BEGIN EXERCISE INPUT

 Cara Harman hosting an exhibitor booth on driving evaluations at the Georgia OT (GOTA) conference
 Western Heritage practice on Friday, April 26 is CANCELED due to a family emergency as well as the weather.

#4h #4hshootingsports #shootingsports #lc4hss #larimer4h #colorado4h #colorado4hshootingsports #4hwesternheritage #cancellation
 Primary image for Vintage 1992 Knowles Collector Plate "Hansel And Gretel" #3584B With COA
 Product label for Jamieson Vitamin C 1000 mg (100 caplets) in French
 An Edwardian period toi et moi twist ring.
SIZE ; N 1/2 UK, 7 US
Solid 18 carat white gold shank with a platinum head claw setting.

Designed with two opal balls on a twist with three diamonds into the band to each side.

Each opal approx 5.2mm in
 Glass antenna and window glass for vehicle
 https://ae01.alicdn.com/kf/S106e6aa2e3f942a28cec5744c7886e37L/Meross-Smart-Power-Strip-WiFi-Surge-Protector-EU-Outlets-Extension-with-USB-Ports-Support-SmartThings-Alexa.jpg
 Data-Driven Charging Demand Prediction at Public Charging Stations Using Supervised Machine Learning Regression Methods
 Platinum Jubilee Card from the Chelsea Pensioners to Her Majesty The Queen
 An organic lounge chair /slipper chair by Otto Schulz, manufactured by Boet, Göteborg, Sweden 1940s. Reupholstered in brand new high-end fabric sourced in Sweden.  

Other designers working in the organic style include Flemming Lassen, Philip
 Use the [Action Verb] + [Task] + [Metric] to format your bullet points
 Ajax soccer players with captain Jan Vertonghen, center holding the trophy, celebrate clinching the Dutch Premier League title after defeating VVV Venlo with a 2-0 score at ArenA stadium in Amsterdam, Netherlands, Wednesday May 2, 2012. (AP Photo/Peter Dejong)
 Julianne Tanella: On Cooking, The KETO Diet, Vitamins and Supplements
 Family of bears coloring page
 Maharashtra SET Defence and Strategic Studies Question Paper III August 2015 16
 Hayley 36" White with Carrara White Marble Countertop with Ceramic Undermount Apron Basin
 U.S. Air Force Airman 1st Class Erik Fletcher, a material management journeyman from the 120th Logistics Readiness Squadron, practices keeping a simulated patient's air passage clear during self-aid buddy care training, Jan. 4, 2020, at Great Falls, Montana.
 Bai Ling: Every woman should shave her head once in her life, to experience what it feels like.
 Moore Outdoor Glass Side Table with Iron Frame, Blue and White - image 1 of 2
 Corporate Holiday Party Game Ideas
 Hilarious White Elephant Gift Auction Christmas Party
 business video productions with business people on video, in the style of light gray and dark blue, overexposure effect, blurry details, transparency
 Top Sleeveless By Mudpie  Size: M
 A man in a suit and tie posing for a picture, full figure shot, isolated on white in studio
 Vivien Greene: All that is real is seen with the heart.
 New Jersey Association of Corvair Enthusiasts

END EXERCISE INPUT

WORK ITEM
The lines above from the one with "U.S. Air Force" through the one with "Bai Ling: Every" are to be duplicated exactly, ends included, with nothing added.

SOLVED EXERCISE
 U.S. Air Force Airman 1st Class Erik Fletcher, a material management journeyman from the 120th Logistics Readiness Squadron, practices keeping a simulated patient's air passage clear during self-aid buddy care training, Jan. 4, 2020, at Great Falls, Montana.
 Bai Ling: Every woman should shave her head once in her life, to experience what it feels like.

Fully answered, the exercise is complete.